## WHAT TO PRODUCE
Produce a verbatim copy of the data below that contains no pictures.

## SUPPLIED INFORMATION
● ● ● ● ● ● ●

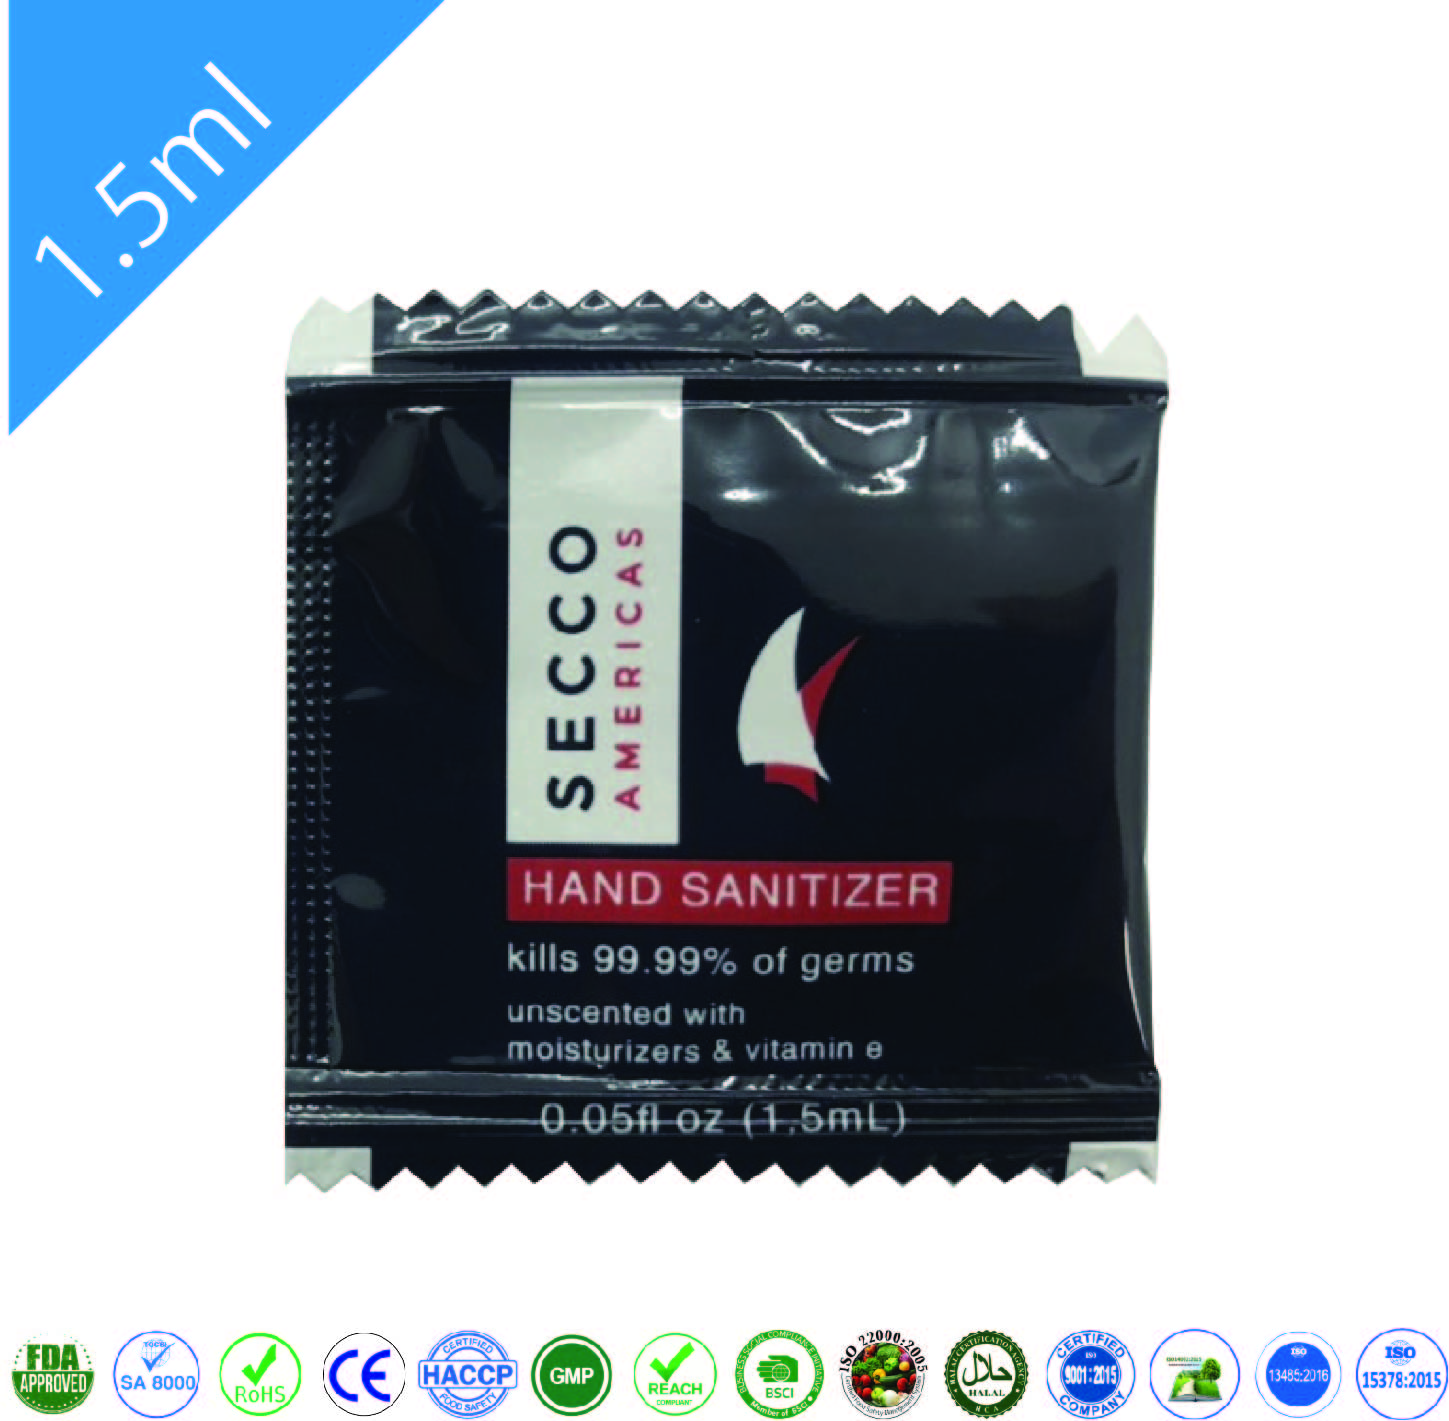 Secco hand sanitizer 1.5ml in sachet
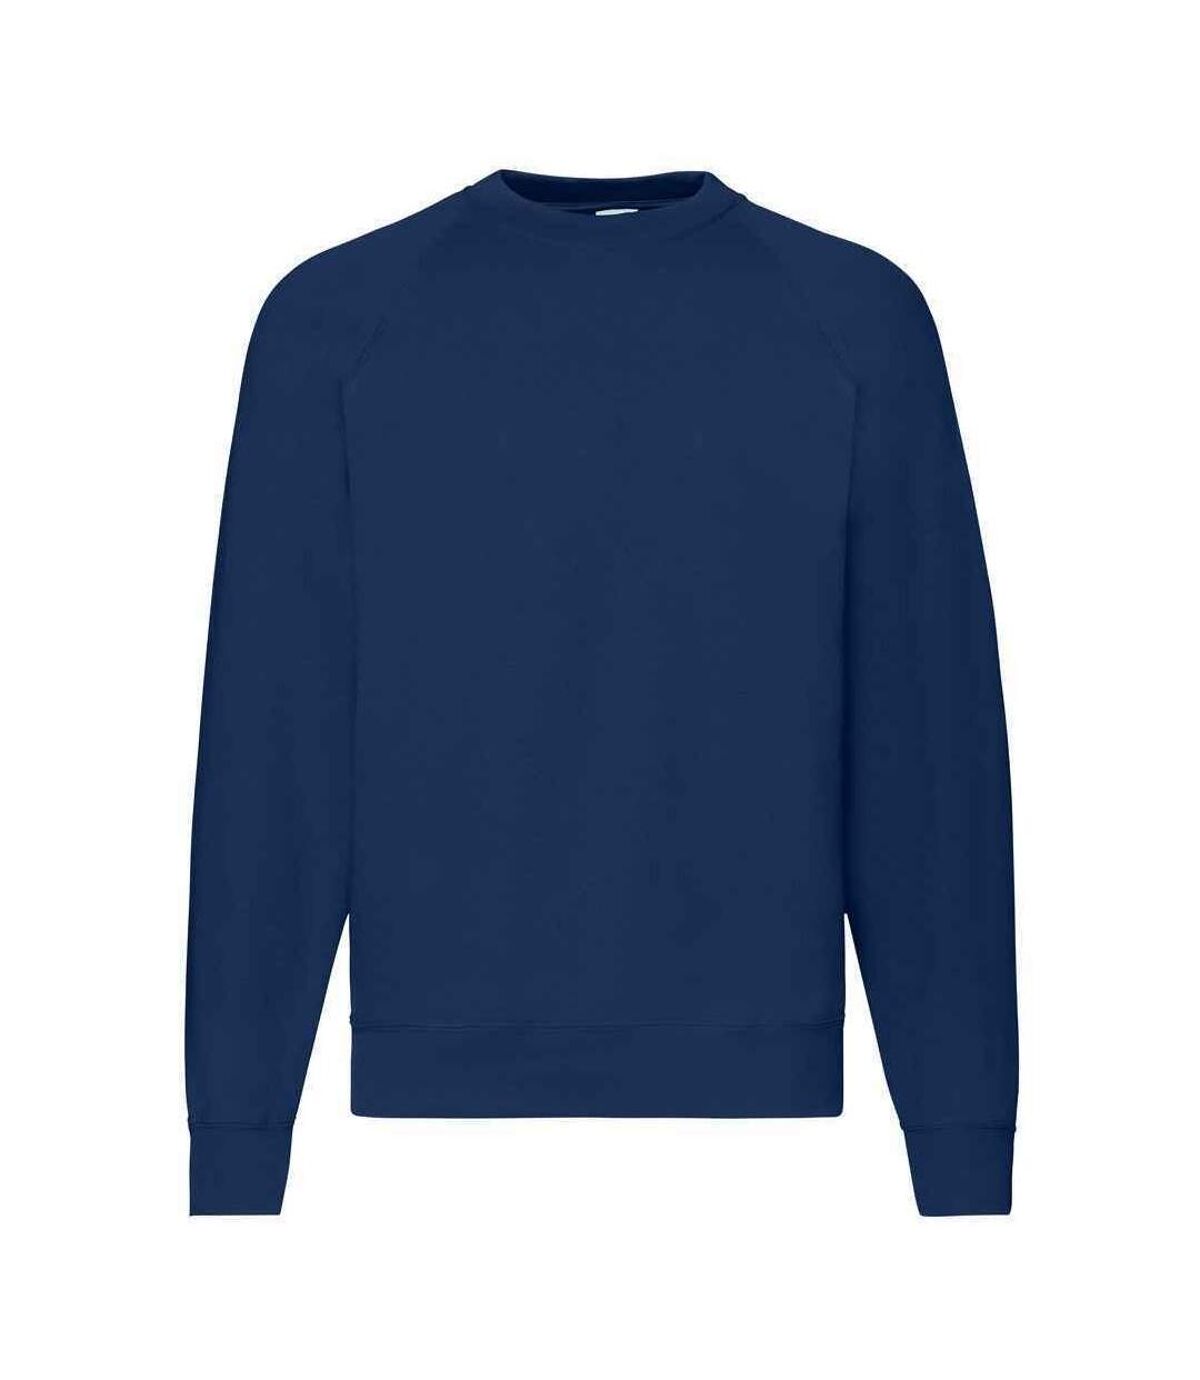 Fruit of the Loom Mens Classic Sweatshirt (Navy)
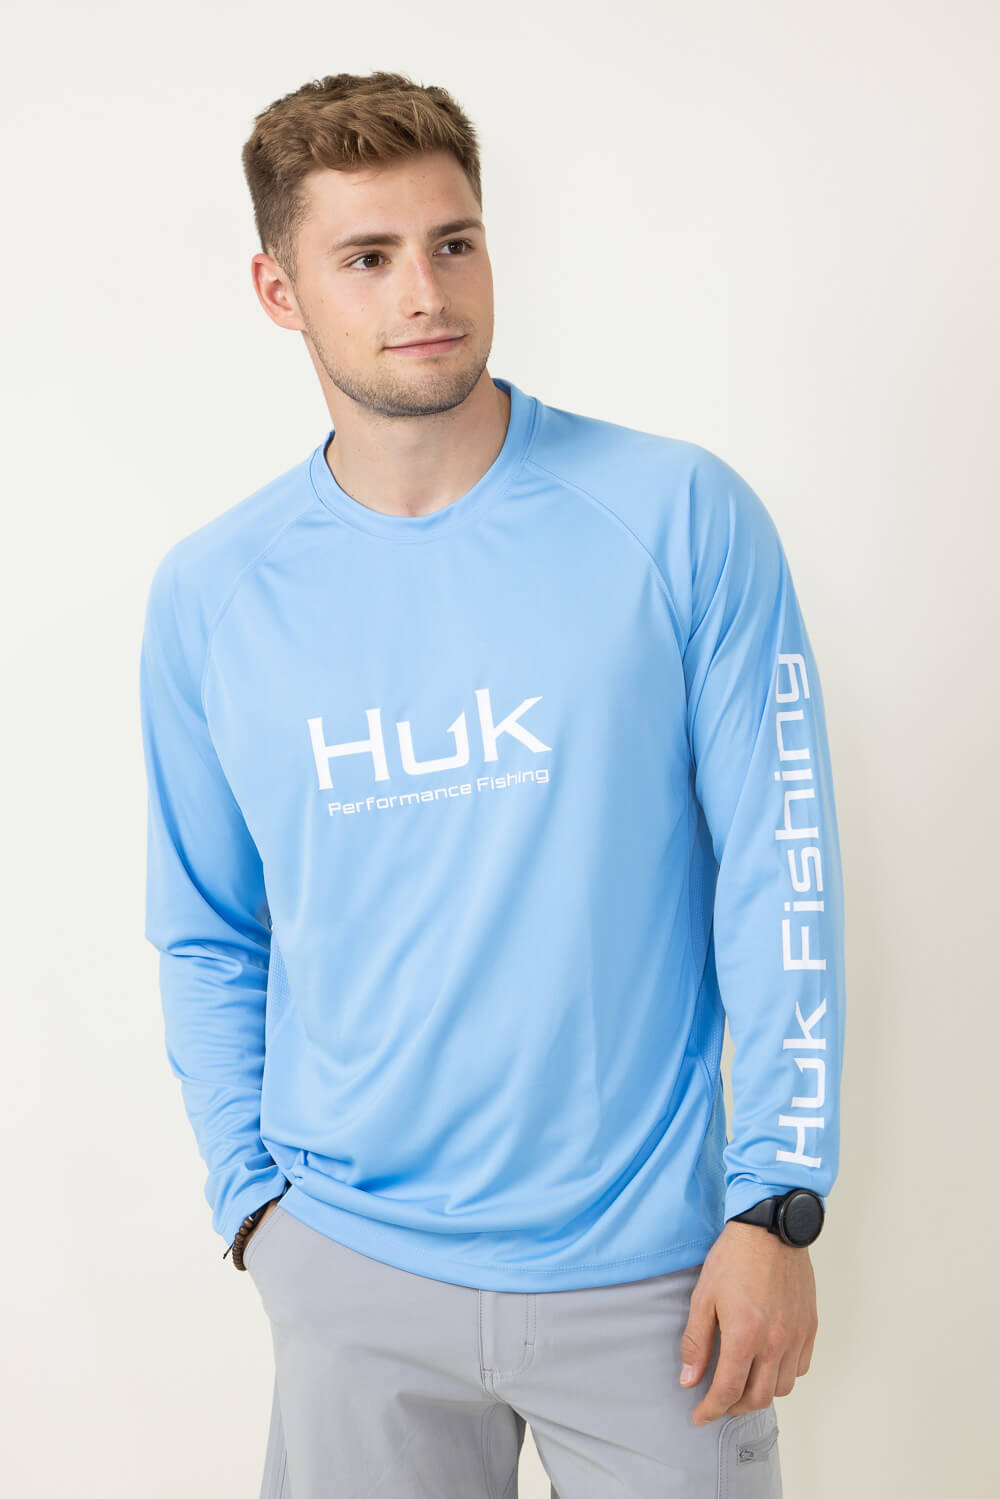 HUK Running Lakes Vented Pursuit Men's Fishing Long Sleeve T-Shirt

● ● ● ● ● ● ●

## EXERCISE OUTPUT
 Secco hand sanitizer 1.5ml in sachet
 Fruit of the Loom Mens Classic Sweatshirt (Navy)
 HUK Running Lakes Vented Pursuit Men's Fishing Long Sleeve T-Shirt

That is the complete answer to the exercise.